The "Agentic" prefix signals that this is an autonomous loop, not a wrapper around an LLM. The work unit is the agent's iteration, not the prompt.

Is this a fork of something?

No. Original work, MIT licensed. The MCP protocol is from Anthropic, and Claude is the LLM used in live mode, but the architecture and code are independent.

Why did you pick this hackathon?

SANS FIND EVIL! 2026 explicitly asks for autonomous DFIR systems on the SIFT Workstation. The judging criteria align cleanly with the architectural claims this project is making.

Technical

Is the MCP surface really fixed in size?

Yes. tests/test_mcp_surface.py asserts the exact positive set. If a 36th appears or one of the 35 disappears, the test fails on the next CI run.

Does Agentic-DART work without the Claude API?

Yes. The deterministic demo path (bash examples/demo-run.sh) runs end-to-end with no API key. Live mode (real Claude API + MCP stdio) is available but optional. See Live mode.

How big is the audit log?

~3-5 KB per MCP call. A typical 25-iteration run produces an audit log of around 120-200 KB. The chain is verified on every run; tampered logs are detected.

Why DuckDB and not SQLite?

DuckDB handles columnar joins on millions of rows orders of magnitude faster than SQLite, which matters for MFT-scale timeline correlation. SQLite is fine for the audit log; DuckDB is right for dart-corr.

Will it work on macOS / Linux outside SIFT?

Yes. macOS dev mode is documented in Running on macOS. The SIFT Workstation is the production target because that's the hackathon's target environment, but the code does not depend on SIFT-specific paths.

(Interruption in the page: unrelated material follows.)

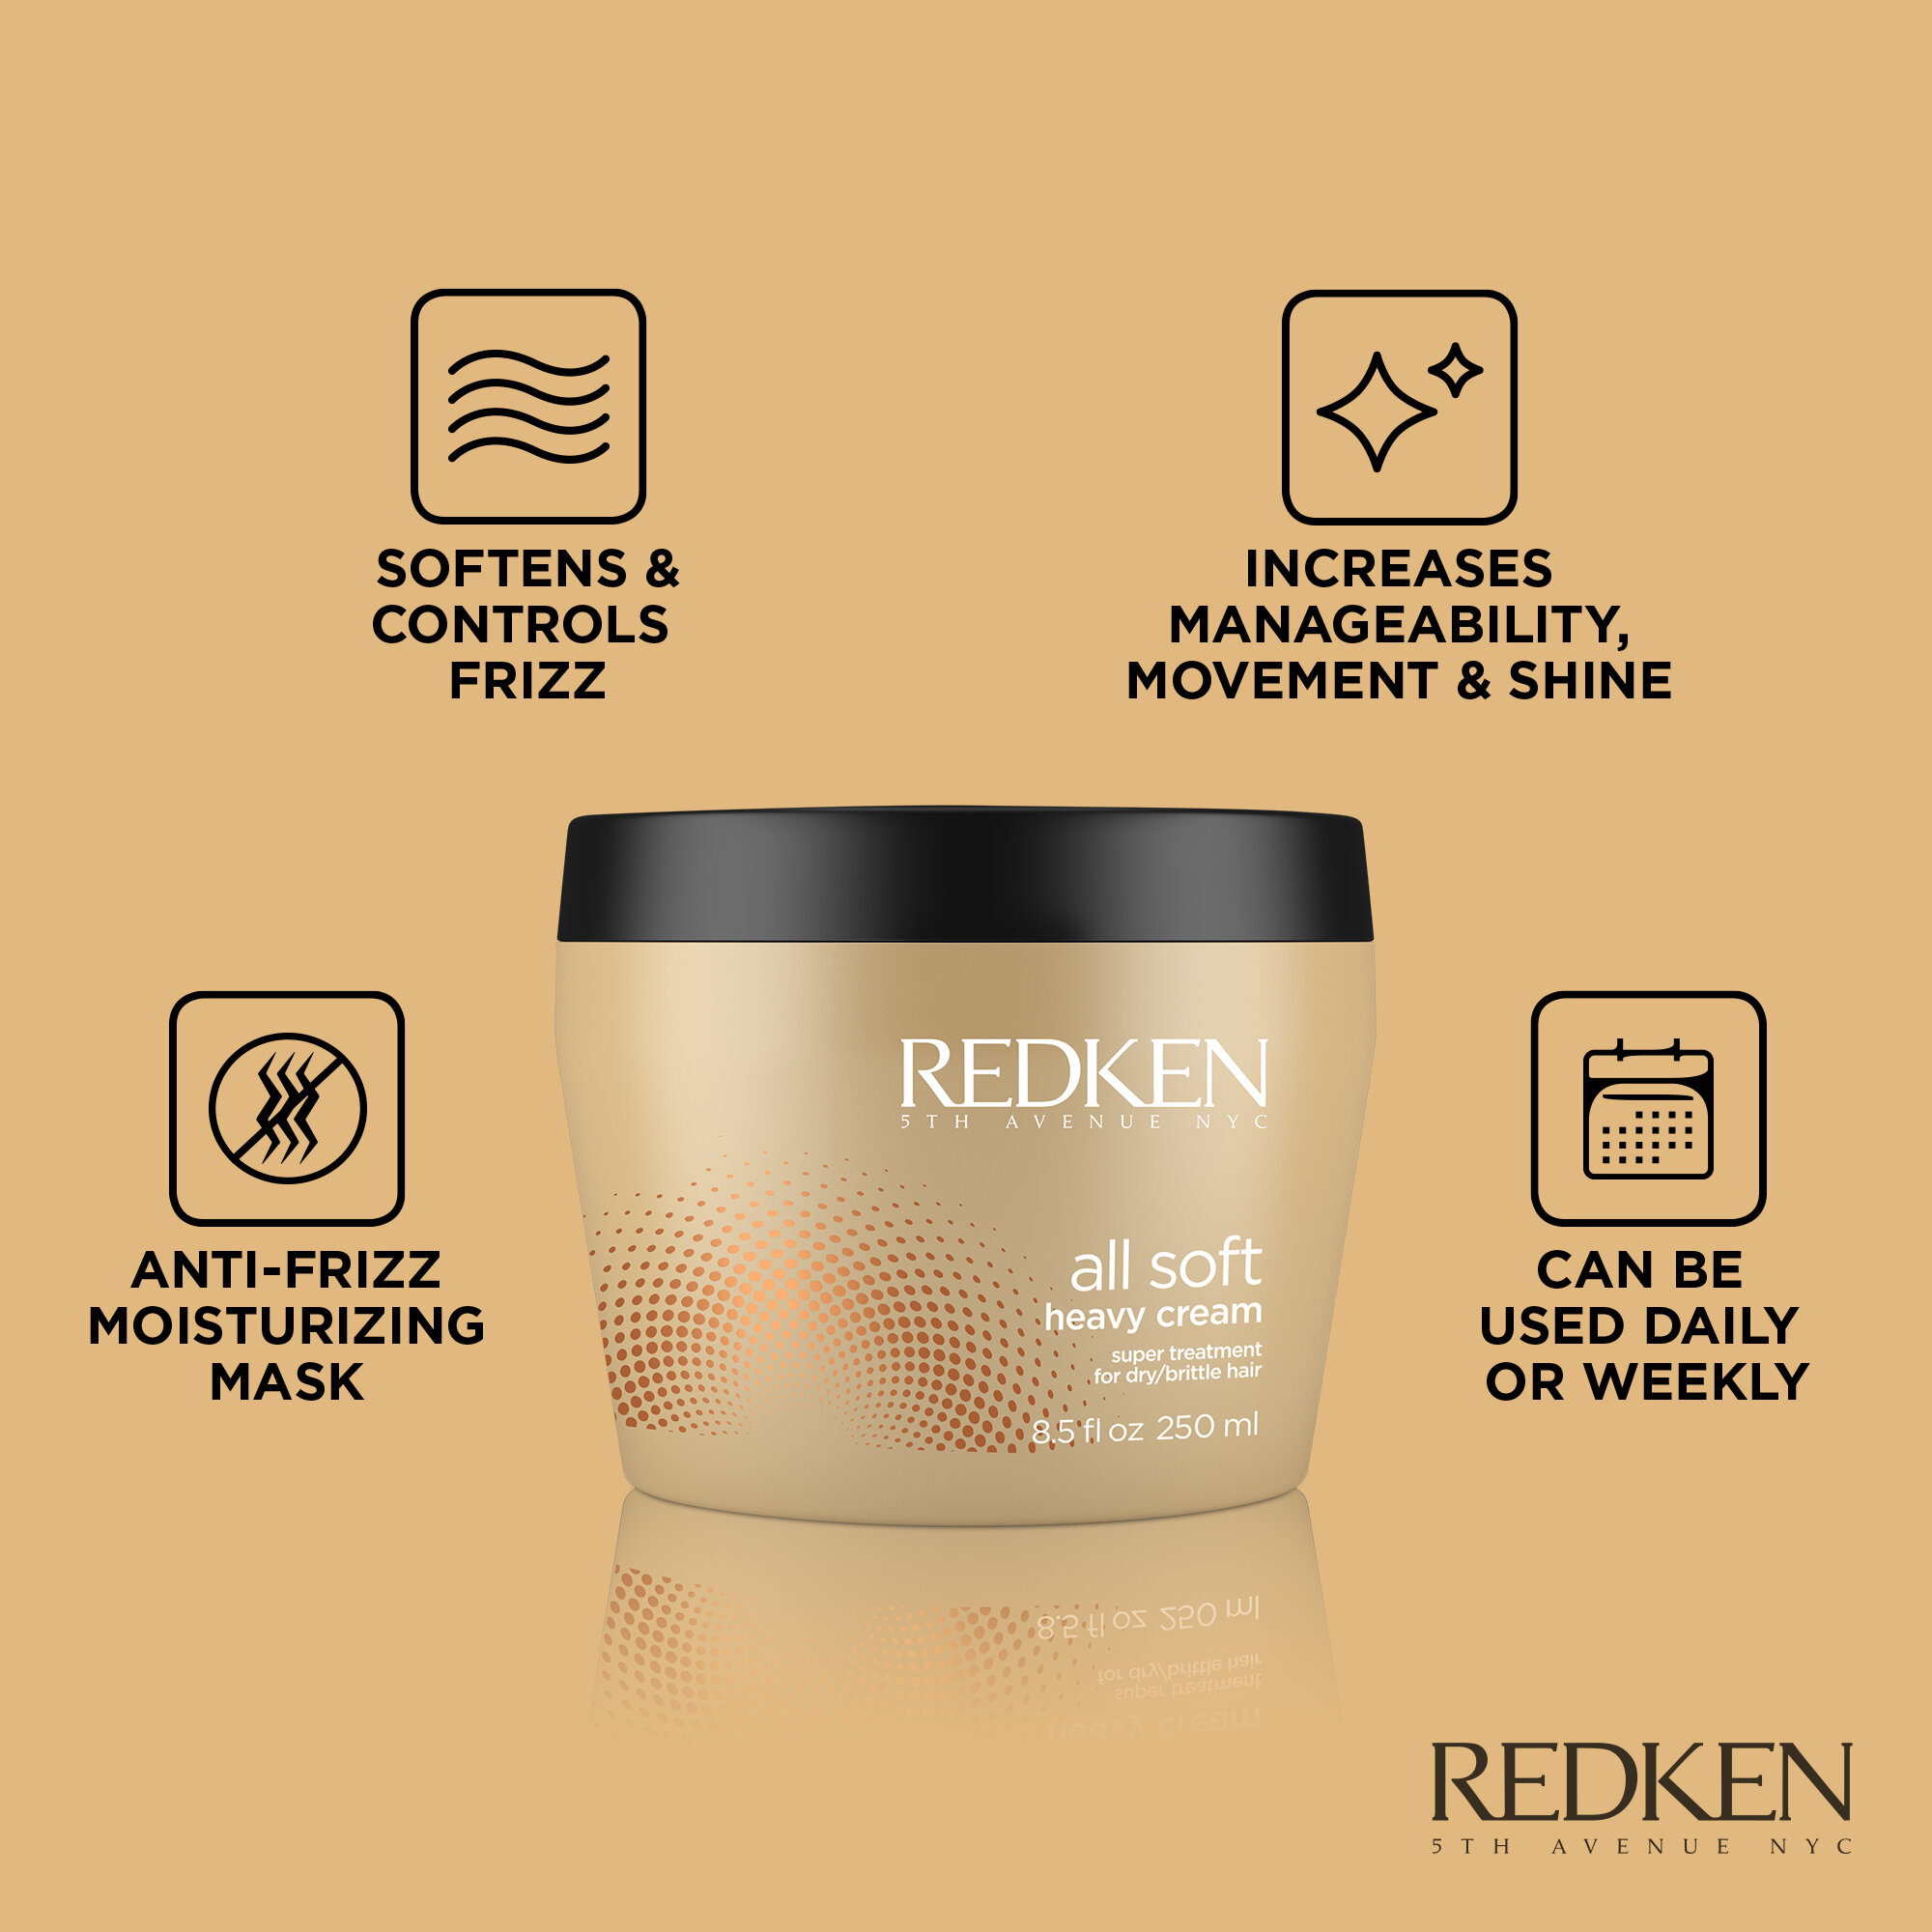 Redken-2020-EU-ERetail-All-Soft-Heavy-Cream-Benefits-2000x2000.jpg
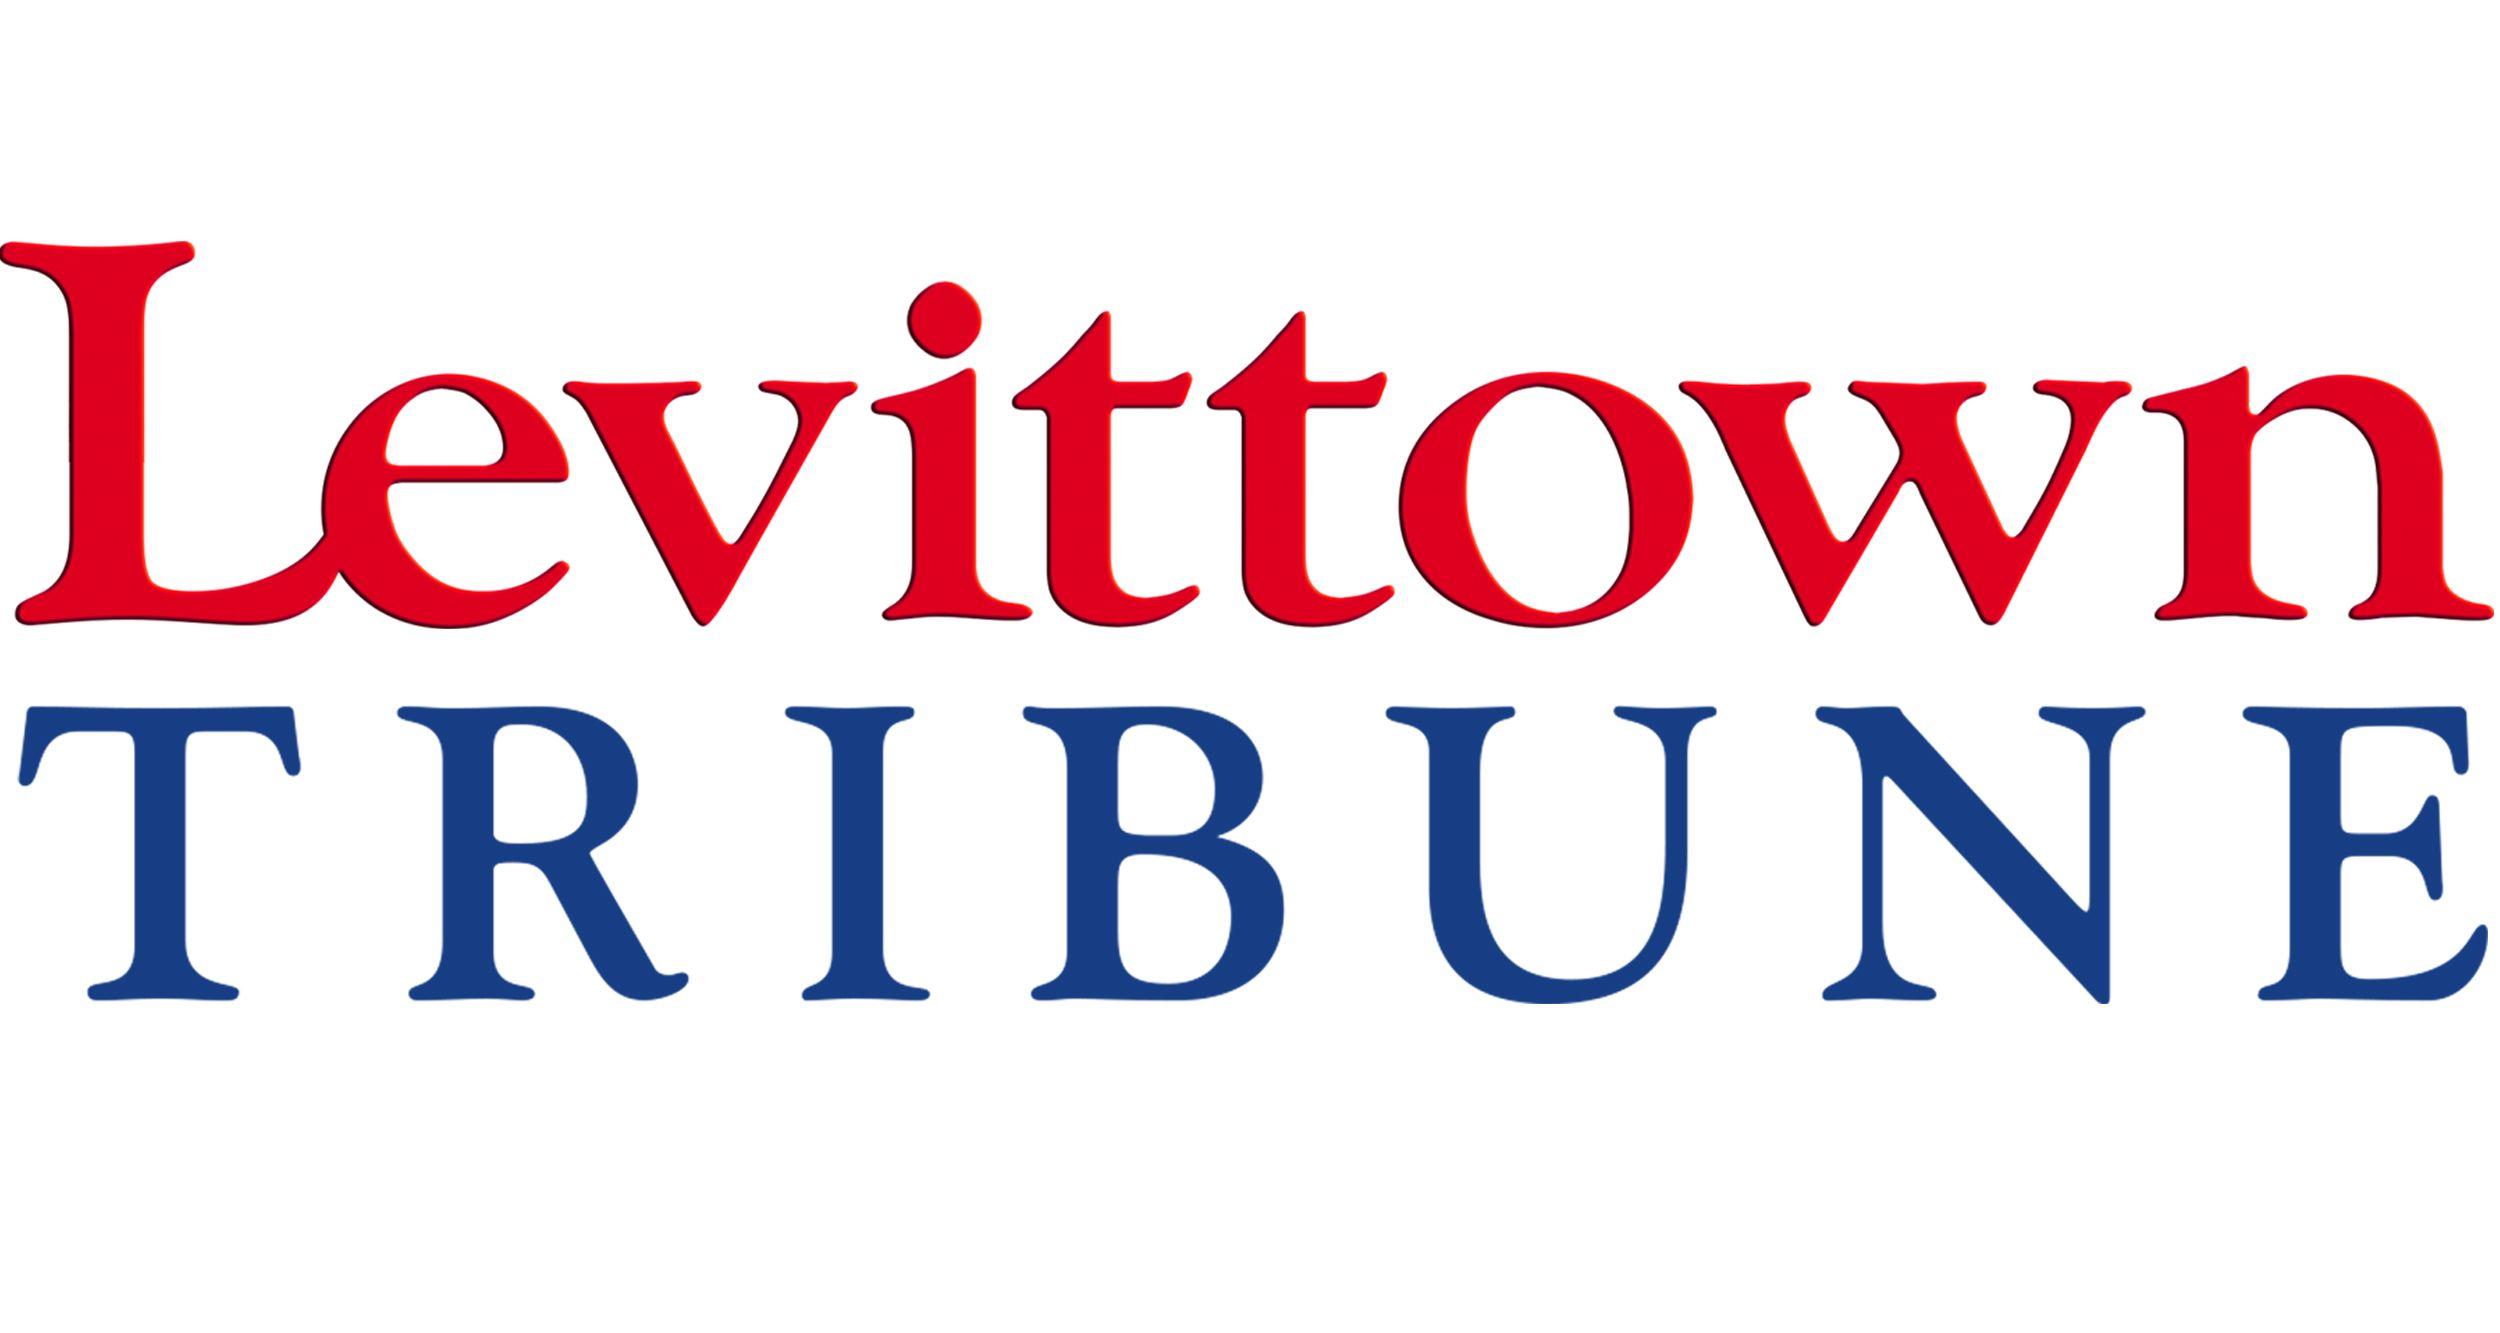 Levittown Logo - Levittown Tribune | An Anton Publication

Why Python and not Rust / Go?

Three reasons:

The MCP ecosystem is Python-first
DFIR tooling (Volatility, Plaso, etc.) is Python
The bottleneck is LLM API latency, not Python execution time

If a specific function needed to be rewritten in a faster language (e.g. an MFT parser doing 10M rows), it would still be exposed via the same MCP schema. The MCP surface is what the agent sees; the implementation is opaque.

Safety & guarantees

Can the agent damage evidence?

No. By construction. The MCP surface has no write functions, and the evidence directory is mounted read-only at the OS level. See Architecture-first vs prompt-first.

Can the agent make stuff up?

It can, in the sense that any LLM can. The architectural guarantee is not that the agent never hallucinates. The guarantee is that:

Every claim must cite an audit_id from a real MCP call
The audit log is replayable and tamper-evident
dart-corr flags contradictions as UNRESOLVED rather than hiding them

So a hallucinated finding either (a) lacks an audit_id and gets blocked at write time, or (b) has an audit_id, in which case a human reviewer can replay the call and confirm.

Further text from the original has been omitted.